Because the polarity difference of script vision signal, therefore after reclaiming reallocation, voltage generally can be in close proximity to common electrode voltage (VCOM) on the show electrode in first display unit and second display unit.By this, reach the purpose that reduces power consumption.In addition, the show electrode in each display unit also can couple by show electrode in the display unit of two its left and right sides of recovery transistor AND gate, uses the purpose that reaches charge redistribution.

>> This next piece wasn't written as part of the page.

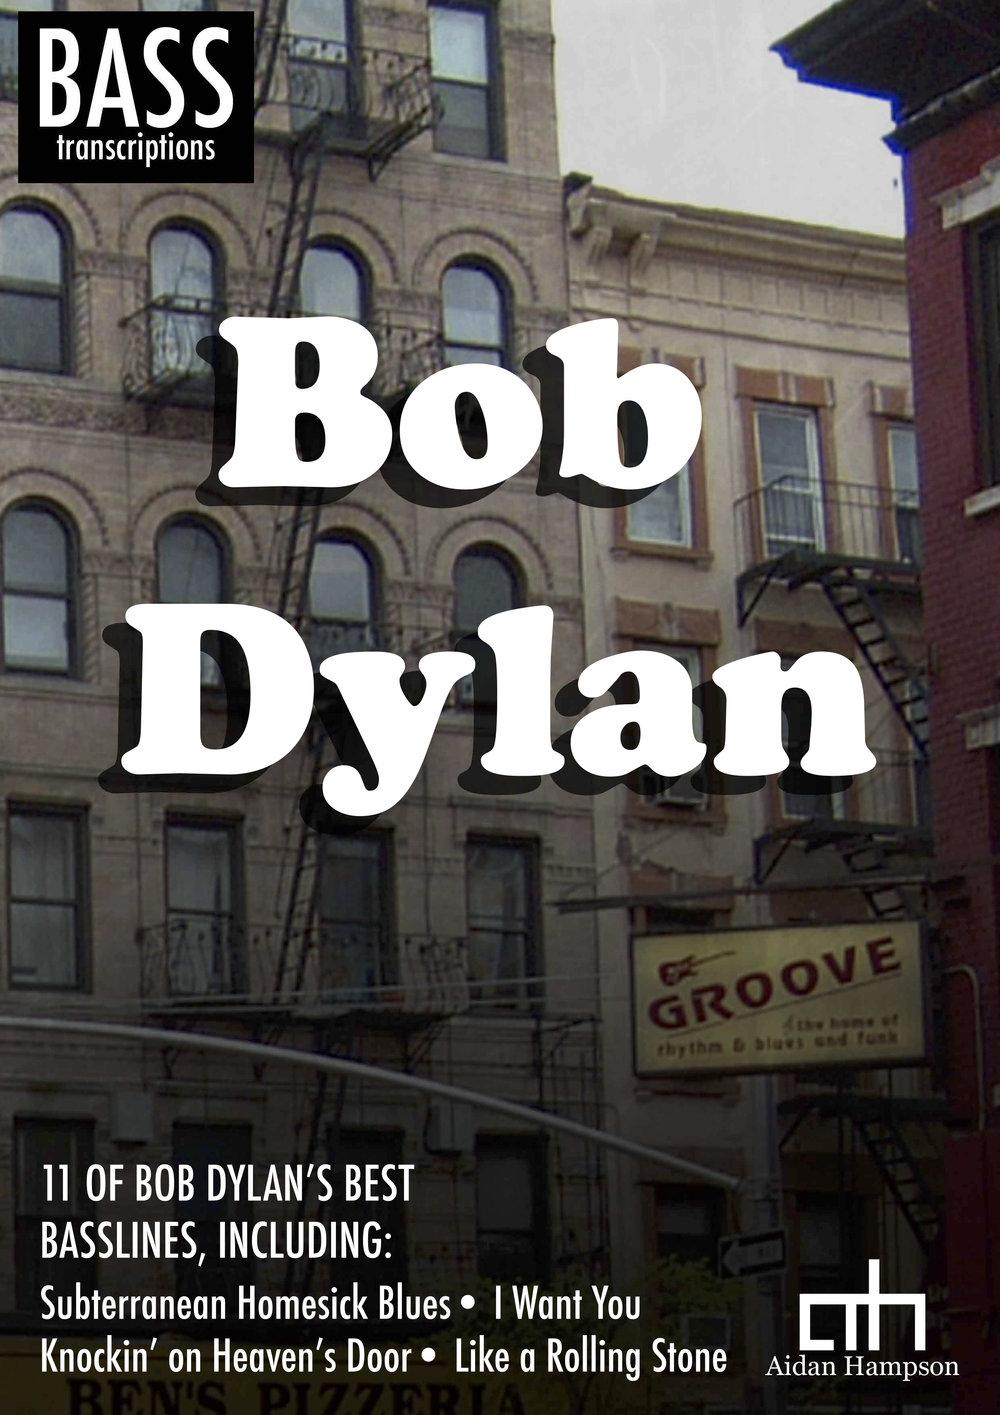 Bob Dylan - Bass.jpg

Therefore, the present invention proposes a kind of display panels, this display panels comprise one first data electrode and one second data electrode (Dn, Dn+1); First scan electrode and second scan electrode (Gm, Gm-1); One first display unit has one first show electrode and one first display switch, and this first display switch is coupled to this first scan electrode, and responds the signal of this first scan electrode, and optionally this first show electrode of conducting and this first data electrode; One second display unit has one second show electrode and one second display switch, and this second display switch is coupled to this first scan electrode, and responds the signal of this first scan electrode, and optionally this second show electrode of conducting and this second data electrode; And one first reclaim switch, and this first reclaims switch and be coupled to this second scan electrode, and responds the signal of this second scan electrode, and optionally this first show electrode of conducting and this second show electrode.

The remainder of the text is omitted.